I've done quite a bit of research (incl this site) trying to distinguish the difference between 23415 and 23130. As yet I have found nothing that clears it up for me. Does the difference have to do with the target intent (i.e. CA ligament had to be released in order to do the acromioplasty therefore it should be 23130)? Is there a general verbiage I should look for in the body of the note that indicates which one to use? Our providers do this procedure quite a bit and in most cases do both a CA release and an acromioplasty. I am aware that both codes are CCI edits incl with RCR so I am not questioning the difference in those cases.

Would greatly appreciate as many opinions as possible!

Thanks!


----------



## JMeggett (Feb 29, 2012)

broncsrox said:


> I've done quite a bit of research (incl this site) trying to distinguish the difference between 23415 and 23130. As yet I have found nothing that clears it up for me. Does the difference have to do with the target intent (i.e. CA ligament had to be released in order to do the acromioplasty therefore it should be 23130)? Is there a general verbiage I should look for in the body of the note that indicates which one to use? Our providers do this procedure quite a bit and in most cases do both a CA release and an acromioplasty. I am aware that both codes are CCI edits incl with RCR so I am not questioning the difference in those cases.
> 
> Would greatly appreciate as many opinions as possible!
> 
> Thanks!



I'm getting the below info from another Ortho website, and hopefully it helps!  
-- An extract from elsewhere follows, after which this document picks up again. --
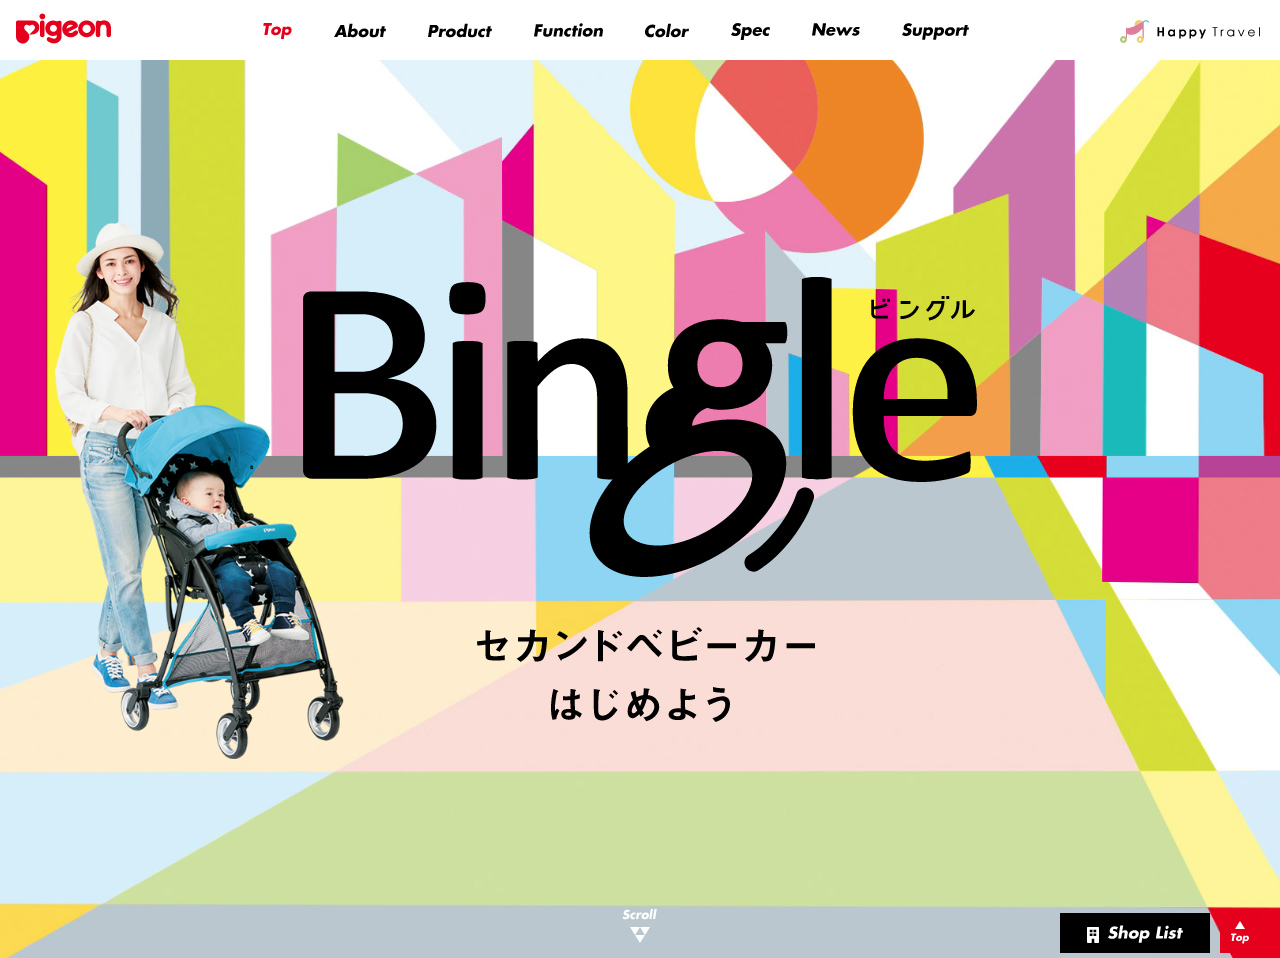 Bingle(ビングル) | ピジョンのベビーカー総合サイト Happy Travel | ピジョン

This is from Advance for health Care Professionals: 

Coding Q&A: Sept. 12, 2006

Q: What is the difference between CPT codes 23130 and 23415? The narrative descriptions for both procedures appear to have the same intent.

A: The code 23130 is for a partial acromioplasty or acromionectomy, with or without coracoacromial ligament release. The code 23415 is for a coracoacromial ligament release, with or without acromioplasty. According to the Coders Desk Reference for code 23130 "this procedure is also commonly performed during repair to the rotator cuff in an effort to increase the space below the acromion where the cuff tendons traverse toward their insertion on the humerus." 

While there are similarities to these codes the subheading also defines the differences. Code 23130 is listed under the "excision" heading while 23415 is listed under the "repair, revision, and/or reconstruction" section. 
23415 is for a tight ligament where as 23130 is for a tight space (compressed) and in order to get to the space many times the ligament needs to be cut.

Two similar codes - selection is based on ICD-9 presentation


Jenna


----------



## broncsrox (Feb 29, 2012)

Thanks, I had almost given up hope on getting a response


----------